§ ASSIGNED TASK
Below this line is a set of entries; quote exactly the lines from the line that contains "Ben has fun" to the line that contains "At Sequim High", both lines included.

[Entries taken from a collection]
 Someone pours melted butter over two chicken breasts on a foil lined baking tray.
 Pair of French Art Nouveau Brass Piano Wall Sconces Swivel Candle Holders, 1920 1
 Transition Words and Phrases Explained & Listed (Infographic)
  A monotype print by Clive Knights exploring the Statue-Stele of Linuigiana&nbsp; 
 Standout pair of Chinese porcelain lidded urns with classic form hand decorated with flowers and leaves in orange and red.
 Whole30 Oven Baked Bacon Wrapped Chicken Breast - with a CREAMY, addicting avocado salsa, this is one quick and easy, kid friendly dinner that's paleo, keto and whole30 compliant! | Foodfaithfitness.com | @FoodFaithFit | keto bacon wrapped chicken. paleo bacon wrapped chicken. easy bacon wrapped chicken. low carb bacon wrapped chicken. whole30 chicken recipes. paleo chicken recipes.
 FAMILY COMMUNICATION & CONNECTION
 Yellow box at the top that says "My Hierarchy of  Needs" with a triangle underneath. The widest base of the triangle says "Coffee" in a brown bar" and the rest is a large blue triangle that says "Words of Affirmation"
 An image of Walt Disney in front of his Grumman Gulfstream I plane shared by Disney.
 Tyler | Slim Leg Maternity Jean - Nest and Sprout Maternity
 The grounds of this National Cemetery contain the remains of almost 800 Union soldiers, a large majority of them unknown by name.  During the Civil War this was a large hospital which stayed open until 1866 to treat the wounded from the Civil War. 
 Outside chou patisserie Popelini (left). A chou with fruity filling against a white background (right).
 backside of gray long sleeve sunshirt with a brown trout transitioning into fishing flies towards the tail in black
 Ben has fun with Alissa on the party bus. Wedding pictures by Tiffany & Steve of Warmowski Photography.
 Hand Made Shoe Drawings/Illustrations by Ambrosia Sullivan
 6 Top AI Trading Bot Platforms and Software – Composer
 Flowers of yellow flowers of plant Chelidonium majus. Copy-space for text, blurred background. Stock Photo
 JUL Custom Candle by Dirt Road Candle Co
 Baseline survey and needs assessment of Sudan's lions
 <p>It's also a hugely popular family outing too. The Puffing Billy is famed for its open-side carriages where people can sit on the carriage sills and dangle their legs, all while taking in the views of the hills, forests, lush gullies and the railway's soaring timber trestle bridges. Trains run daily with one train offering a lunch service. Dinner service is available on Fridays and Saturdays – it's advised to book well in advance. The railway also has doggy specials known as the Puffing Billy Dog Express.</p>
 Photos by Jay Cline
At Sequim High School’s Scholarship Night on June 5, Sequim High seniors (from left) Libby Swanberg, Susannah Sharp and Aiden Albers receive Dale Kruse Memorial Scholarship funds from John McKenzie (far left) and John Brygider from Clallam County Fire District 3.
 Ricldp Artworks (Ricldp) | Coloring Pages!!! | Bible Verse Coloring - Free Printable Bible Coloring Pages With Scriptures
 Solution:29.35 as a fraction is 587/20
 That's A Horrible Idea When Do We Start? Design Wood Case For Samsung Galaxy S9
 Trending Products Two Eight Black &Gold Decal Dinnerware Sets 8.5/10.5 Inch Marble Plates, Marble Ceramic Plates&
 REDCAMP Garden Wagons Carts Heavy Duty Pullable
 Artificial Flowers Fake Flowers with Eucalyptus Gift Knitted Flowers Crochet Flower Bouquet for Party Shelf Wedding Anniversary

§ RESPONSE TO THIS TASK
 Ben has fun with Alissa on the party bus. Wedding pictures by Tiffany & Steve of Warmowski Photography.
 Hand Made Shoe Drawings/Illustrations by Ambrosia Sullivan
 6 Top AI Trading Bot Platforms and Software – Composer
 Flowers of yellow flowers of plant Chelidonium majus. Copy-space for text, blurred background. Stock Photo
 JUL Custom Candle by Dirt Road Candle Co
 Baseline survey and needs assessment of Sudan's lions
 <p>It's also a hugely popular family outing too. The Puffing Billy is famed for its open-side carriages where people can sit on the carriage sills and dangle their legs, all while taking in the views of the hills, forests, lush gullies and the railway's soaring timber trestle bridges. Trains run daily with one train offering a lunch service. Dinner service is available on Fridays and Saturdays – it's advised to book well in advance. The railway also has doggy specials known as the Puffing Billy Dog Express.</p>
 Photos by Jay Cline
At Sequim High School’s Scholarship Night on June 5, Sequim High seniors (from left) Libby Swanberg, Susannah Sharp and Aiden Albers receive Dale Kruse Memorial Scholarship funds from John McKenzie (far left) and John Brygider from Clallam County Fire District 3.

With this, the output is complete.